═══ INFORMATION SUPPLIED

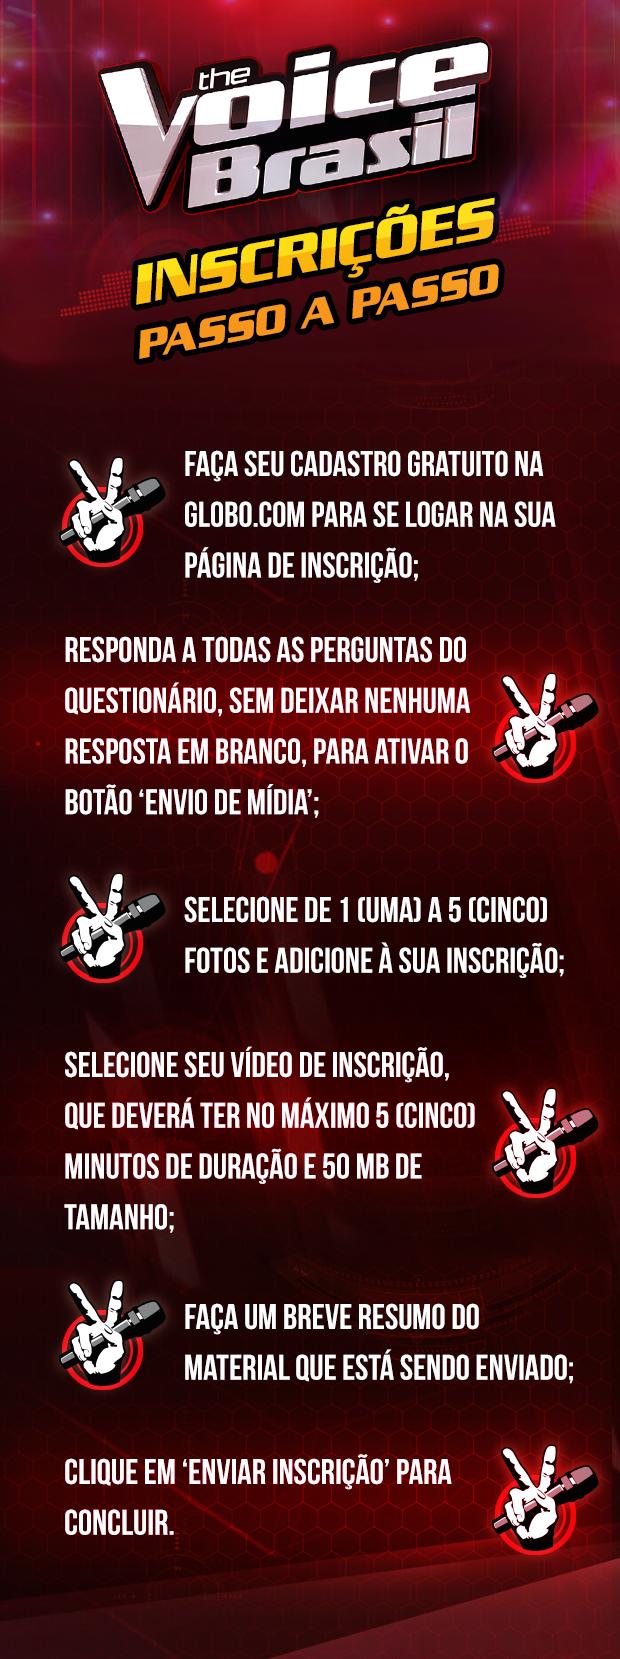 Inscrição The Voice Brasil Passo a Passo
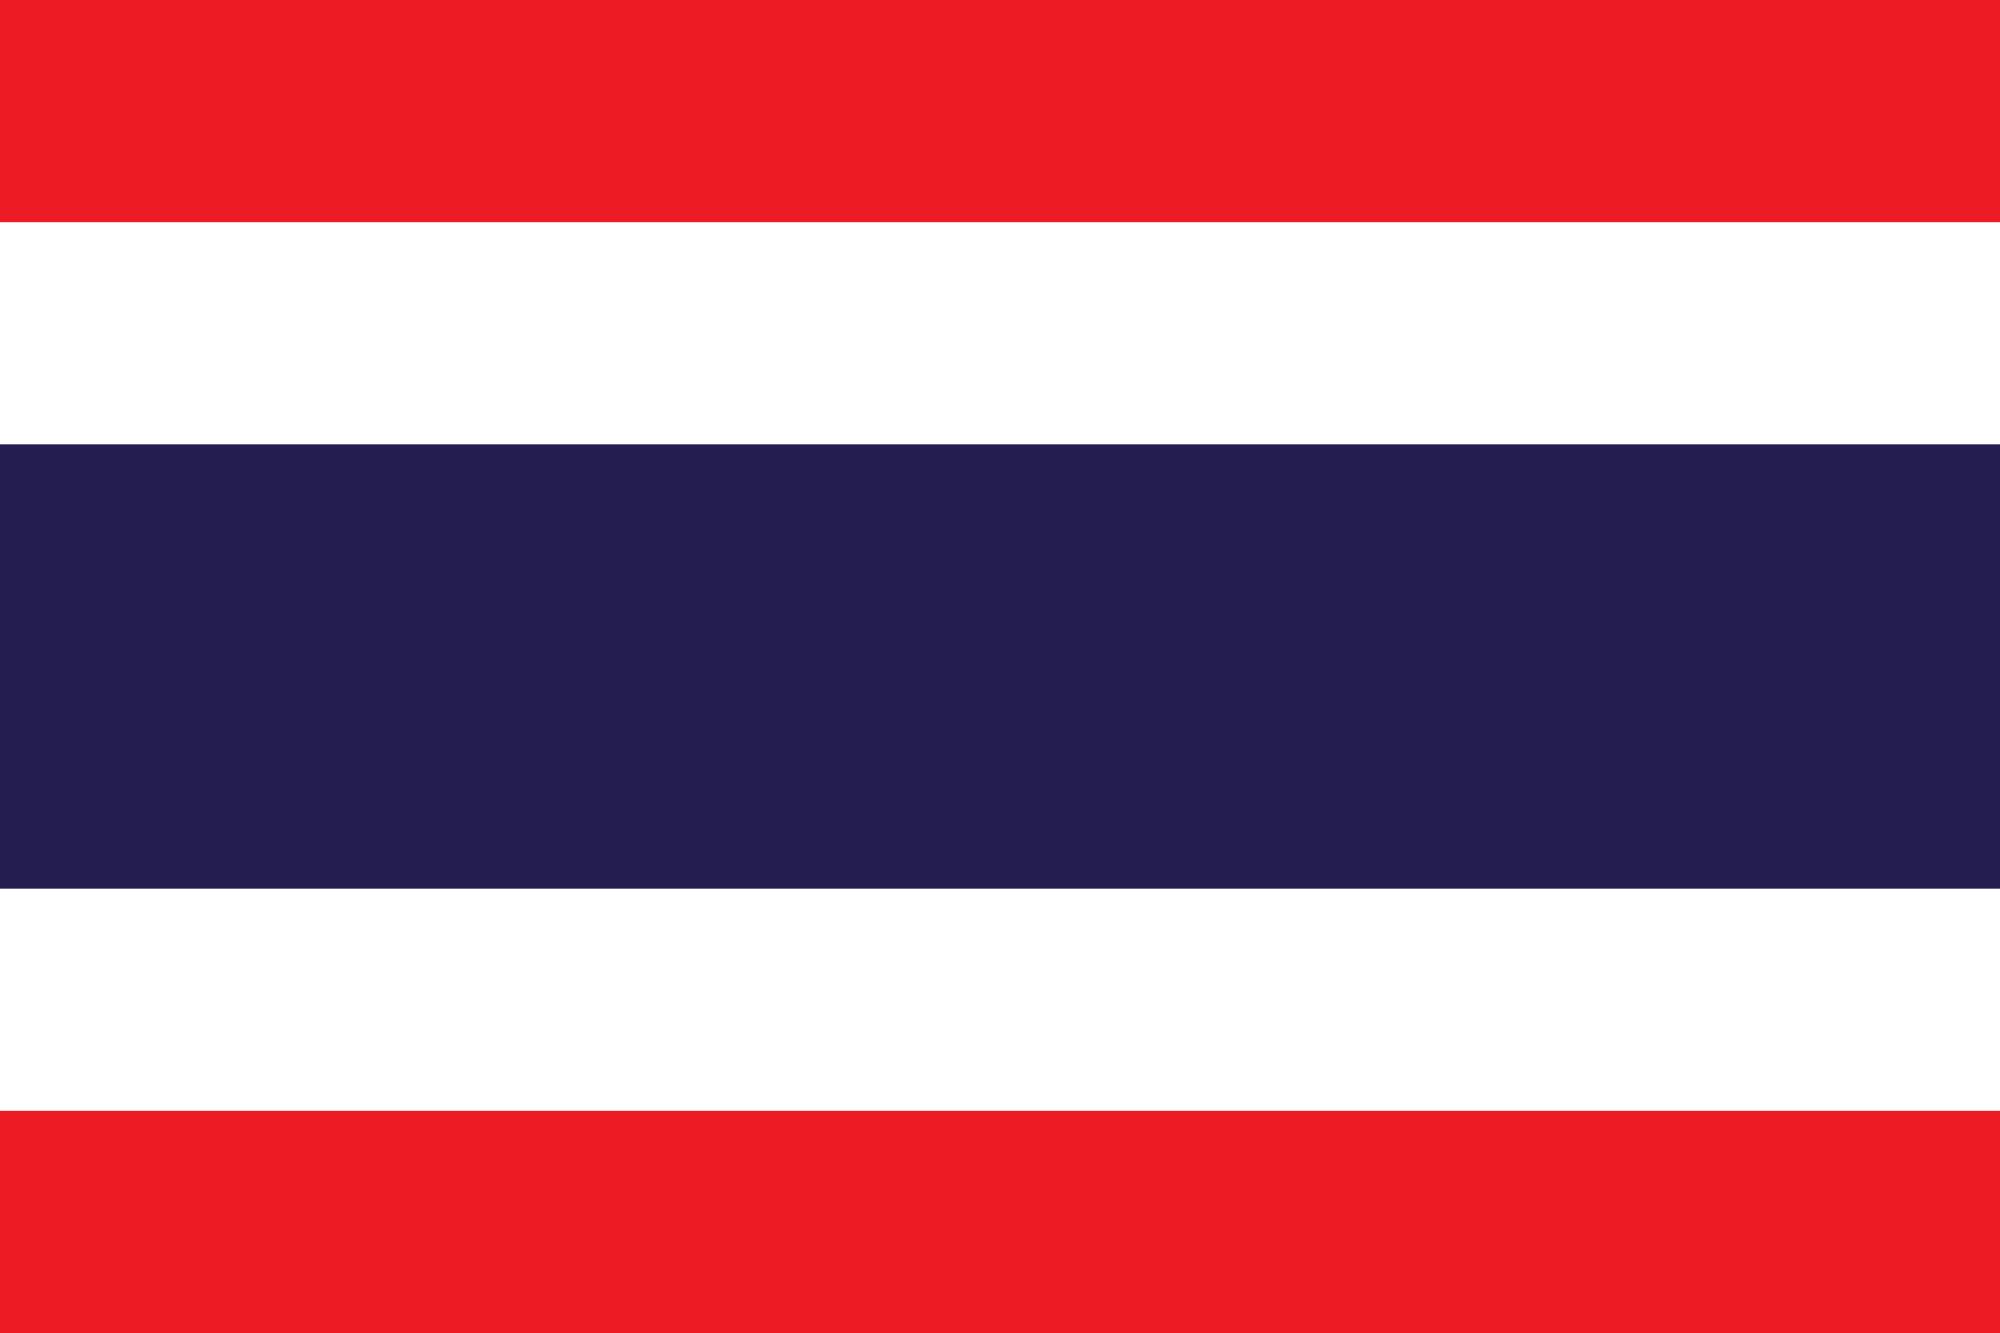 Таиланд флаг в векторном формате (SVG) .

══════
═══ INFORMATION SUPPLIED

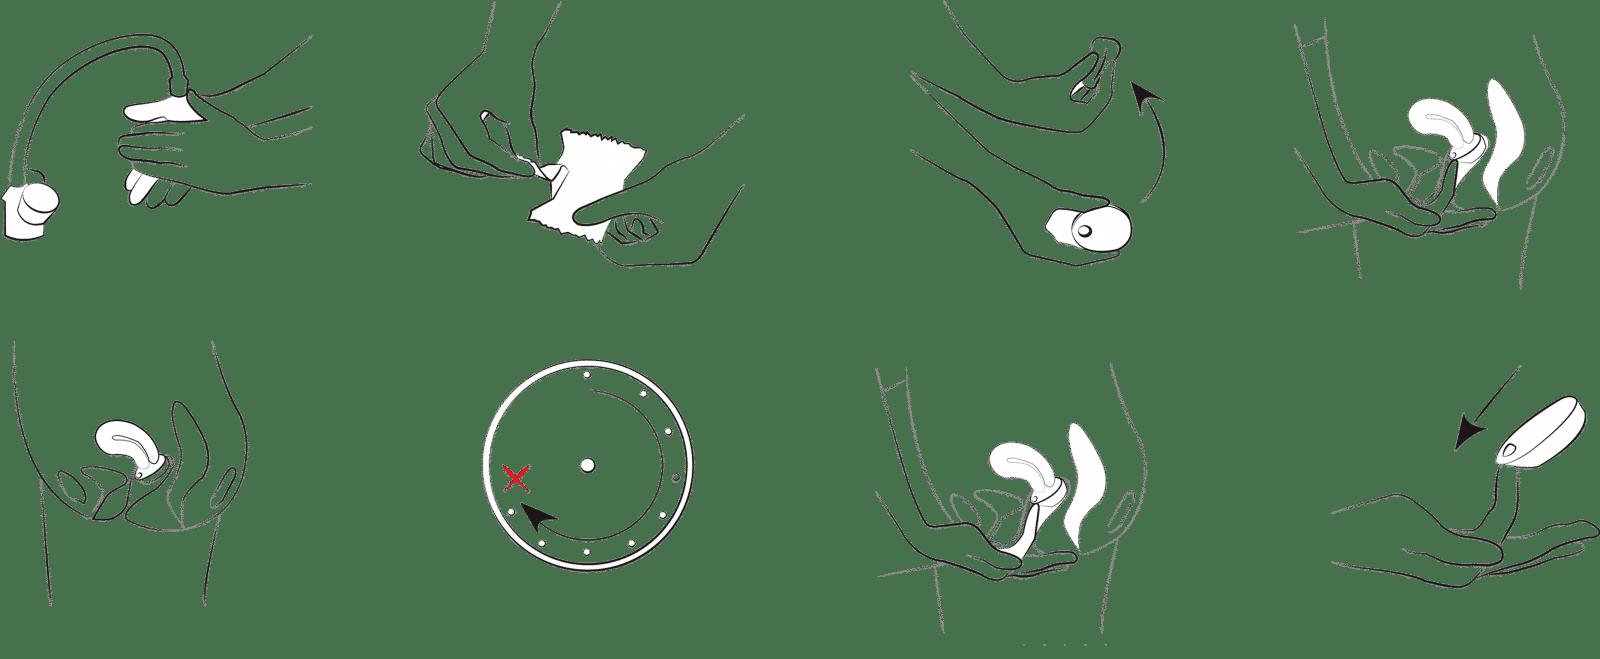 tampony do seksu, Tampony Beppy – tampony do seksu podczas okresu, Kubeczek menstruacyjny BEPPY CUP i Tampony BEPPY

══════
═══ INFORMATION SUPPLIED

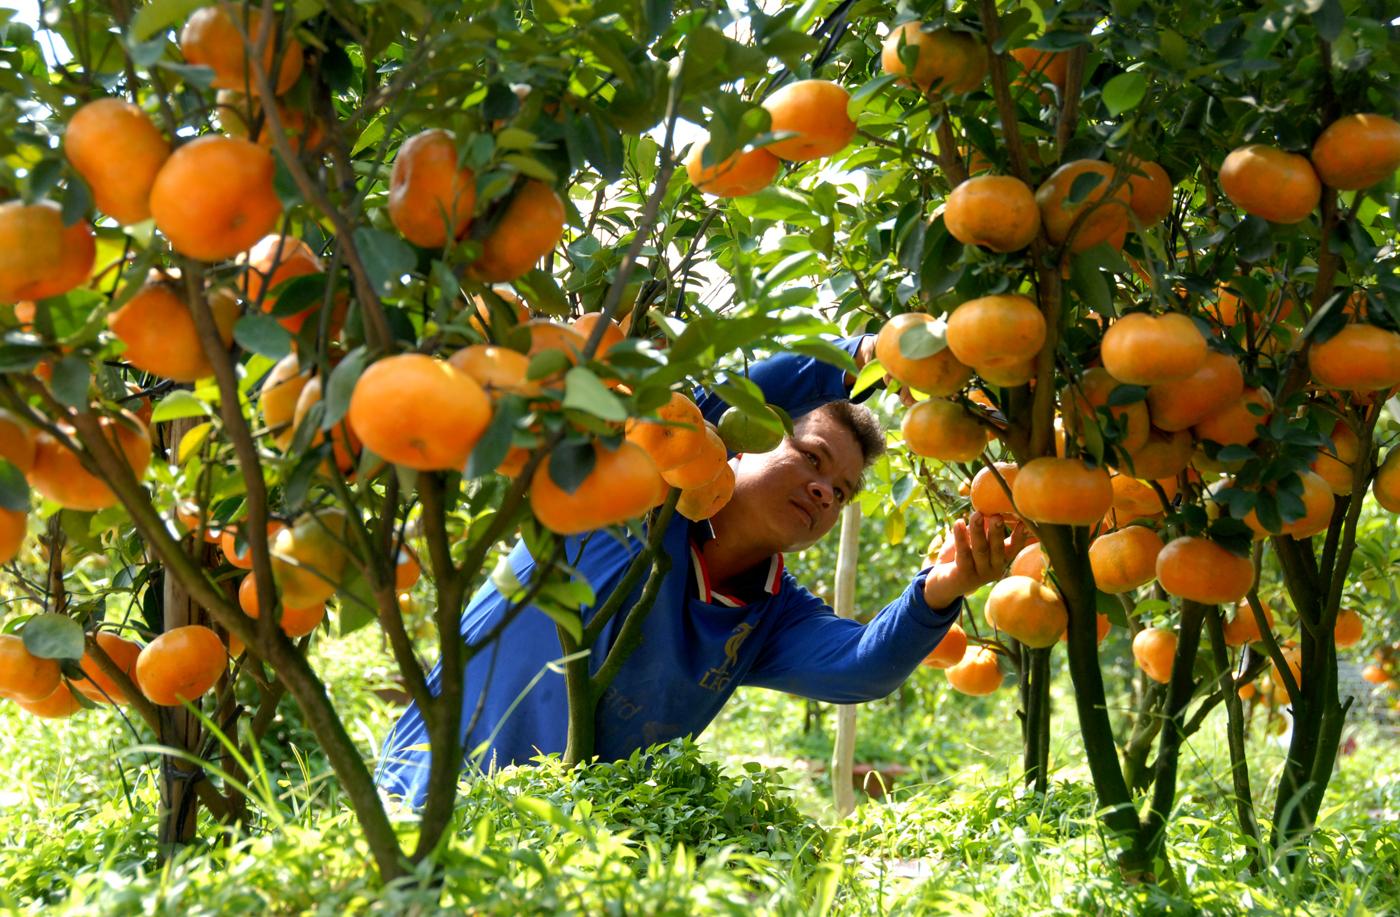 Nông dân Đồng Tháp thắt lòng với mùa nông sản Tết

══════

(WHAT YOU ARE ASKED TO DO): Within the entries above, give again exactly the lines starting at the one that contains "Inscrição The Voice Brasil Passo a Passo" and ending at the one that contains "Таиланд флаг в векторном формате (SVG) .", leaving out the pictures.

(SOLUTION):
 Inscrição The Voice Brasil Passo a Passo
 Таиланд флаг в векторном формате (SVG) .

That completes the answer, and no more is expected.